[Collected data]
=== Section Start ===
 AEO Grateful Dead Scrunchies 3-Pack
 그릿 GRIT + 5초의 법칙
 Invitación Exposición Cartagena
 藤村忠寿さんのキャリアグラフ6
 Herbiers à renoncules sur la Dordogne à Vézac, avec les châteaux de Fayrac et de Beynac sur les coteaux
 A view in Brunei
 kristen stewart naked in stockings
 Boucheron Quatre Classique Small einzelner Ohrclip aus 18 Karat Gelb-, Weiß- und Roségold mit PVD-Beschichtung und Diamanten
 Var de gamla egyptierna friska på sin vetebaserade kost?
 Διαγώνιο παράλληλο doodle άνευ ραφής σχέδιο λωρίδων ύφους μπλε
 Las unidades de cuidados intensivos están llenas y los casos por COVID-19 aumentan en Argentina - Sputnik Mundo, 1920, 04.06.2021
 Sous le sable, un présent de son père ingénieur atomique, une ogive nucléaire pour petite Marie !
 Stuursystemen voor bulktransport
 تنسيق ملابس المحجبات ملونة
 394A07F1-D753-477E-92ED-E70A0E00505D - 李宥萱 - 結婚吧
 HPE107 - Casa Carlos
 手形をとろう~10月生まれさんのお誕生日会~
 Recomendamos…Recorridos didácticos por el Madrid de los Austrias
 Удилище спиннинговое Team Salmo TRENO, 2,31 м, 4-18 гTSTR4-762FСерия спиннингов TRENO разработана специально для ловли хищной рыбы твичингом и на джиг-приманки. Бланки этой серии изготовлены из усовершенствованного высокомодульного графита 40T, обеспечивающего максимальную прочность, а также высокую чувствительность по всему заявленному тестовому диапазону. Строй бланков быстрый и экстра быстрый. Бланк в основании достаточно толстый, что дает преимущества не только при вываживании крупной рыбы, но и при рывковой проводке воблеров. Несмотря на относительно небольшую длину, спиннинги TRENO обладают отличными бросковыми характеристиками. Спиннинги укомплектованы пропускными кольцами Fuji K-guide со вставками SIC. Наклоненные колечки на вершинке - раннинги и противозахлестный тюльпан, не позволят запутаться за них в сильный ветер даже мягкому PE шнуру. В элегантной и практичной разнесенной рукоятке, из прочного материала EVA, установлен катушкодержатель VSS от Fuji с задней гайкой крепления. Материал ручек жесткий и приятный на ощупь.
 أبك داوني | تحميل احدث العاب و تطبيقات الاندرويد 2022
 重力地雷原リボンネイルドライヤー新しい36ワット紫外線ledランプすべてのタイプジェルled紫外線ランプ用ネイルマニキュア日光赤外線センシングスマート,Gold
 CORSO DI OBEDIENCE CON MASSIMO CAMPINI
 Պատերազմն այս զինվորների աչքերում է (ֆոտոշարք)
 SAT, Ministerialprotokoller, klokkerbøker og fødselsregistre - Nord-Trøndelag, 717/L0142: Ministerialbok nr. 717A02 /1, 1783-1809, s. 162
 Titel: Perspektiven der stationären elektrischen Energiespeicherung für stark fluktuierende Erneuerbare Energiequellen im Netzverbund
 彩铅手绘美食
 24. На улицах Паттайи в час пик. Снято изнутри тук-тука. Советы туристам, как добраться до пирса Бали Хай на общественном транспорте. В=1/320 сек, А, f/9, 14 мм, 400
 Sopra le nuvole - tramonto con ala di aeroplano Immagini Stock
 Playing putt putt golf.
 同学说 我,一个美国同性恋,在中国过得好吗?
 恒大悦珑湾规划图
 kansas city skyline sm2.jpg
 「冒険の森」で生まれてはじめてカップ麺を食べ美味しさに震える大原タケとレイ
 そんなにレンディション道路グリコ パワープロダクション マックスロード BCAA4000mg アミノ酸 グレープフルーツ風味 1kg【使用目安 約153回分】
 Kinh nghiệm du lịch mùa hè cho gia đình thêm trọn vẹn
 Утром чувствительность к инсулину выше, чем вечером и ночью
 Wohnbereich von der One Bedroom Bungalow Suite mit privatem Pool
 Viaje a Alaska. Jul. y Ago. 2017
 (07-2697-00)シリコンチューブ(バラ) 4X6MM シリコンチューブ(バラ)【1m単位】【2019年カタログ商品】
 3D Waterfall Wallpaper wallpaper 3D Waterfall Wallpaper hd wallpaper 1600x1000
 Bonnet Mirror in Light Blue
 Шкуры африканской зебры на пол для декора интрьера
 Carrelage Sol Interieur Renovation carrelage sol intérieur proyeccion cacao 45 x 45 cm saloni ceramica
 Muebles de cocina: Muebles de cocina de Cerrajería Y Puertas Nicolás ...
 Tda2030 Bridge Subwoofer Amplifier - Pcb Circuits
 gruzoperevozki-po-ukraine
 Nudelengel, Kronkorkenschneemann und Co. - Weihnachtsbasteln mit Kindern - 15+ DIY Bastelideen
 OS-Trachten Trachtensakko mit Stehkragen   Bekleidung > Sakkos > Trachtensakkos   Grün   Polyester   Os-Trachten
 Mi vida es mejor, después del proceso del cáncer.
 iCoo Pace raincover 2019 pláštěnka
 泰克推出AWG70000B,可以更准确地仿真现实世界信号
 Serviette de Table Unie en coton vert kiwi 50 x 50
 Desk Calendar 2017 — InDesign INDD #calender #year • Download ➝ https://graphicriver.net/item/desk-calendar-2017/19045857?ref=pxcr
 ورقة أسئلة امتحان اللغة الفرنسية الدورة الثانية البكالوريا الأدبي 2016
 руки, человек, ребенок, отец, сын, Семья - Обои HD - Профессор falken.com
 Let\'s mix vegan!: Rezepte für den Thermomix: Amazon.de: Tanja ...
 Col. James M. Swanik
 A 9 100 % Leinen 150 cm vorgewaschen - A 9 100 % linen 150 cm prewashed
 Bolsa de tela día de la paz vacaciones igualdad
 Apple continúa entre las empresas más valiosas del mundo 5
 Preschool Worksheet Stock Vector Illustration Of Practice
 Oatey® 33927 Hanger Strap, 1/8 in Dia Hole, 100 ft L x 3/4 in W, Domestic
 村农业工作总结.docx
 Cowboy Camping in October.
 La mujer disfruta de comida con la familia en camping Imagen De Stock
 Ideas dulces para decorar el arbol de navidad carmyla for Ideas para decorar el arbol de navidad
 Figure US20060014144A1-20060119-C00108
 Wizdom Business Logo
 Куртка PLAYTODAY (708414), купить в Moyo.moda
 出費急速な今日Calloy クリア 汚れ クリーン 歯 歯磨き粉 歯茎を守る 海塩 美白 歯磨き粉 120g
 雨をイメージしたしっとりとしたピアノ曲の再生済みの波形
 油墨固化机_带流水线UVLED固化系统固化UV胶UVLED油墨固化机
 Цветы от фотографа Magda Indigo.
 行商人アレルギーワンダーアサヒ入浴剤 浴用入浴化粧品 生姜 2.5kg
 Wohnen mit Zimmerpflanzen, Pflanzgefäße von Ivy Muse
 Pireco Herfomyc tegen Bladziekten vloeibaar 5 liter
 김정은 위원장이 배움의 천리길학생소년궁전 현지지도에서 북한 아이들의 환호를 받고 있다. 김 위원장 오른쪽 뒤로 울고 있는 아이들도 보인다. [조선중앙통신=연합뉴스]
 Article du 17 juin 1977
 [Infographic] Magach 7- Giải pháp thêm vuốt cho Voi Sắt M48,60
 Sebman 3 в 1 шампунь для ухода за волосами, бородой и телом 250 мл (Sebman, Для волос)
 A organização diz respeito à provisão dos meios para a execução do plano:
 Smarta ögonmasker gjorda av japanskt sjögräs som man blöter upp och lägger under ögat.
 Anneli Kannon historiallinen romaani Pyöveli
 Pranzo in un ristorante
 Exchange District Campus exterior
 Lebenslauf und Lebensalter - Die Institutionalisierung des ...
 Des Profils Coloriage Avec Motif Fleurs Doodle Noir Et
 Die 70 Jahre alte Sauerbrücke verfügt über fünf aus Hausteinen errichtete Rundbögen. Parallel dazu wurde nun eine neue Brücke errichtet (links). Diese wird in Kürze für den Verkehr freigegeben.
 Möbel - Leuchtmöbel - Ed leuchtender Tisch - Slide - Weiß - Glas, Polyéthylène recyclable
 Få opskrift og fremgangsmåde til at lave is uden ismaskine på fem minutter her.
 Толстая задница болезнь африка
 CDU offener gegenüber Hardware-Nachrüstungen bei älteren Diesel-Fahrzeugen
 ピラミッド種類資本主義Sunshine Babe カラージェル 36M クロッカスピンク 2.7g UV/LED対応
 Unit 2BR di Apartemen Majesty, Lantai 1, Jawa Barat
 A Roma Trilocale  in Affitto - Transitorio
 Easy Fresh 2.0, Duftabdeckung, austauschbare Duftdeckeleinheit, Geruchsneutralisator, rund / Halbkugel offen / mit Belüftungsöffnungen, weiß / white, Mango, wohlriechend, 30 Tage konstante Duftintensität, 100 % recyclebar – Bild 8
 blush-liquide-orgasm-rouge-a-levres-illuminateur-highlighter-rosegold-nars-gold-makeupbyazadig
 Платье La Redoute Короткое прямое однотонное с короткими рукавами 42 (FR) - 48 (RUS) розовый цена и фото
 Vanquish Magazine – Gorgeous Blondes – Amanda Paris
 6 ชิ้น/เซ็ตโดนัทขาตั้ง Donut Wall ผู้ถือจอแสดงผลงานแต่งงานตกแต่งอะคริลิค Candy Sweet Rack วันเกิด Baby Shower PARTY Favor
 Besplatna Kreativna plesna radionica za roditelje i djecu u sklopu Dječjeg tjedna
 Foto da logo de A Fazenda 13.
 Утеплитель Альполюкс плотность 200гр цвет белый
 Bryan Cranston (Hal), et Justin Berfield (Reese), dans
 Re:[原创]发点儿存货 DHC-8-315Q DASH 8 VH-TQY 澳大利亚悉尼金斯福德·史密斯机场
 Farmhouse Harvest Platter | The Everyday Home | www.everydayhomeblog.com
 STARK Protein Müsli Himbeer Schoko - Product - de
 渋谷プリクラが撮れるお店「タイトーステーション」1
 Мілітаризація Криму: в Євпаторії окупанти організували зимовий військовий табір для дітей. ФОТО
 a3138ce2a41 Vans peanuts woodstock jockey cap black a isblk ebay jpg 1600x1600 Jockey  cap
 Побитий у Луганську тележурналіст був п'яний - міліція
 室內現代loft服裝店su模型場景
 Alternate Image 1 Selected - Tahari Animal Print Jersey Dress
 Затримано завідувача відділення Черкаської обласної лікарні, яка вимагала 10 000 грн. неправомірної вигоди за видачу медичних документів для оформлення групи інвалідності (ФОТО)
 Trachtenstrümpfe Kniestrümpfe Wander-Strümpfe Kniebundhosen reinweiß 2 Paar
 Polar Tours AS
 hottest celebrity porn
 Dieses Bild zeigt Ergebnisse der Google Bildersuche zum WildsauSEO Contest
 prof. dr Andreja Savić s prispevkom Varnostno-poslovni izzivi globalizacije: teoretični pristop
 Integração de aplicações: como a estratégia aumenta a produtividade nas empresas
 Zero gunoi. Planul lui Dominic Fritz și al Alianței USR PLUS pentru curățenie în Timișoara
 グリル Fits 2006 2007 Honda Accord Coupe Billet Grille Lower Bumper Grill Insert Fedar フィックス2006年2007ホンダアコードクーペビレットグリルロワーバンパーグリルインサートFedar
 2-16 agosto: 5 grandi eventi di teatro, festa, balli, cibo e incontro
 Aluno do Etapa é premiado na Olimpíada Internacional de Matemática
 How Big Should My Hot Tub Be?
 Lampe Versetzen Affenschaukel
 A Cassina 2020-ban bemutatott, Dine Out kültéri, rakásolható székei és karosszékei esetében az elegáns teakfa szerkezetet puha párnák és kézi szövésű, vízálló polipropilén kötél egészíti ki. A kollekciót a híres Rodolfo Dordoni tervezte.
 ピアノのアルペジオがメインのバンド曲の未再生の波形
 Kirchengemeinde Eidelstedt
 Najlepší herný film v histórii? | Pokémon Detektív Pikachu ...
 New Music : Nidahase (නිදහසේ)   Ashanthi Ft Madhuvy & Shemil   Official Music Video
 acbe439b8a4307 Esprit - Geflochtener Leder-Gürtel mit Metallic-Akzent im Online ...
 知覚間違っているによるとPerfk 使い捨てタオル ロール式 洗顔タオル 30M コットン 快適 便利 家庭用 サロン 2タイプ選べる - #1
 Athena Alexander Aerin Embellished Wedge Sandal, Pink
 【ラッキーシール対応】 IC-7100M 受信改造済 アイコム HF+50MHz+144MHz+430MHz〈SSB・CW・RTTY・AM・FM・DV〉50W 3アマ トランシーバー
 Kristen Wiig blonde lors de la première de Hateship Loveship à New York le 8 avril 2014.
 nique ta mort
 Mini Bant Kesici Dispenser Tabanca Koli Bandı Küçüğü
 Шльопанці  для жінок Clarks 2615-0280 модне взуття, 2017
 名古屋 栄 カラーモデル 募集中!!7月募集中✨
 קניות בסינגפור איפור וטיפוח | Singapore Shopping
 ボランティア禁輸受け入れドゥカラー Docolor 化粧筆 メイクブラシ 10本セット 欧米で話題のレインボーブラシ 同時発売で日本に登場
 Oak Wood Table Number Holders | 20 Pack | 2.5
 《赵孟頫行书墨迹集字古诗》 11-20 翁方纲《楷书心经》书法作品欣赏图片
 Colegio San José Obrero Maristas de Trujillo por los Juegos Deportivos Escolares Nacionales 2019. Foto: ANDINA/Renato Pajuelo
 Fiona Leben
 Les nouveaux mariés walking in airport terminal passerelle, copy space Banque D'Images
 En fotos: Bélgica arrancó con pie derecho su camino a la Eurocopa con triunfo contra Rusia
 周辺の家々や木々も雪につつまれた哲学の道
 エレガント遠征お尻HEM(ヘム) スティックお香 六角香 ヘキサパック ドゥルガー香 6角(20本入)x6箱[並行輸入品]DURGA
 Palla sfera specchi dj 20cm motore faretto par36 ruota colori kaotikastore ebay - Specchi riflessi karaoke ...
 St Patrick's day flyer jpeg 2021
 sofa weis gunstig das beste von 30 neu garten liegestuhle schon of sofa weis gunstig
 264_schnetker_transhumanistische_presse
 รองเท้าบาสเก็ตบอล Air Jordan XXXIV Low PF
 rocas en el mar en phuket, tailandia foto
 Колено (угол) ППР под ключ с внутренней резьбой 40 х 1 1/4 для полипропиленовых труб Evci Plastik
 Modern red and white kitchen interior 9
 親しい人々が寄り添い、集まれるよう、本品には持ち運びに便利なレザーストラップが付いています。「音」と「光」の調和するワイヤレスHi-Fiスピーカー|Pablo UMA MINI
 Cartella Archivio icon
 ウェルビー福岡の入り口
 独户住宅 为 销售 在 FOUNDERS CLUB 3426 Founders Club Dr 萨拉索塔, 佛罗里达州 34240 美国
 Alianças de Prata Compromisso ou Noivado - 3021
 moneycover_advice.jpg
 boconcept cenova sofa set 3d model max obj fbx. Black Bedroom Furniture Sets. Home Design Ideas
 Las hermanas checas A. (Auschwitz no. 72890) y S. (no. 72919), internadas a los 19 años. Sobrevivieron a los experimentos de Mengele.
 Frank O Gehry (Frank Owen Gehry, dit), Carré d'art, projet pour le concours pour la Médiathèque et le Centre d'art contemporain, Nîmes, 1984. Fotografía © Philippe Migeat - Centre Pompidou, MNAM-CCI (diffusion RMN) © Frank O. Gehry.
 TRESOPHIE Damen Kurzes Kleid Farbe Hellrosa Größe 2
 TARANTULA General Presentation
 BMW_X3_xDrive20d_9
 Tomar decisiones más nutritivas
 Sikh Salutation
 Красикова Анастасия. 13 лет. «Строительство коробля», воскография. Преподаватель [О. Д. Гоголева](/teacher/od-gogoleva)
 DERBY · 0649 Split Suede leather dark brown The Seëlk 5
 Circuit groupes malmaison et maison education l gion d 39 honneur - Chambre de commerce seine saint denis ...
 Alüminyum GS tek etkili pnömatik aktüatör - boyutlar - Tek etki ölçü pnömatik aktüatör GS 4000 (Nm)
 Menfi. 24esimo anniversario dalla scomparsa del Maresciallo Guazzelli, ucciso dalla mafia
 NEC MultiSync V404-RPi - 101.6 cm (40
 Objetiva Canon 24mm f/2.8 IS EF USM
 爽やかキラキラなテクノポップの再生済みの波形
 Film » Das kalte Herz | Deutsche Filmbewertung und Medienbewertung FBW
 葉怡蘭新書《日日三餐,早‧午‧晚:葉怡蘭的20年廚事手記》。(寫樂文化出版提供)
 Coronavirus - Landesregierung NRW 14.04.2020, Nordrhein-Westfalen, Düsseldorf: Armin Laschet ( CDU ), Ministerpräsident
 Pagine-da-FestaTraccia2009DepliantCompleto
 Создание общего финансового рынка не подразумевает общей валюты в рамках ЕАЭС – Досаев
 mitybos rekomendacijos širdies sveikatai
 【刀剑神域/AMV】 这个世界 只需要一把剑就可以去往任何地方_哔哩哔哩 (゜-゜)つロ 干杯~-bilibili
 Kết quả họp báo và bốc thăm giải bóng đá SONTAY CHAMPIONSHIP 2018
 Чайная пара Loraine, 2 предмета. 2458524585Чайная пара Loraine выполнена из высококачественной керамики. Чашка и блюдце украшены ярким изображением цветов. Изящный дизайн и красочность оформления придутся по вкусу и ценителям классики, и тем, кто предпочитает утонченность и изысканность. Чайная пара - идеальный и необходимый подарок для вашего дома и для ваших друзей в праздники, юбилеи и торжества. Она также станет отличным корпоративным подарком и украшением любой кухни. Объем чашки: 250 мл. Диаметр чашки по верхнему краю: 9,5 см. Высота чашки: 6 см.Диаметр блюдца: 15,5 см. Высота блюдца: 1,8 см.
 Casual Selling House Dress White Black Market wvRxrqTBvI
=== Section End ===
Starting at the first line of the data above, please restate word for word every line up to and including the one that holds "kristen stewart naked in stockings", and add nothing else.

● **RESPONSE BOX**
 AEO Grateful Dead Scrunchies 3-Pack
 그릿 GRIT + 5초의 법칙
 Invitación Exposición Cartagena
 藤村忠寿さんのキャリアグラフ6
 Herbiers à renoncules sur la Dordogne à Vézac, avec les châteaux de Fayrac et de Beynac sur les coteaux
 A view in Brunei
 kristen stewart naked in stockings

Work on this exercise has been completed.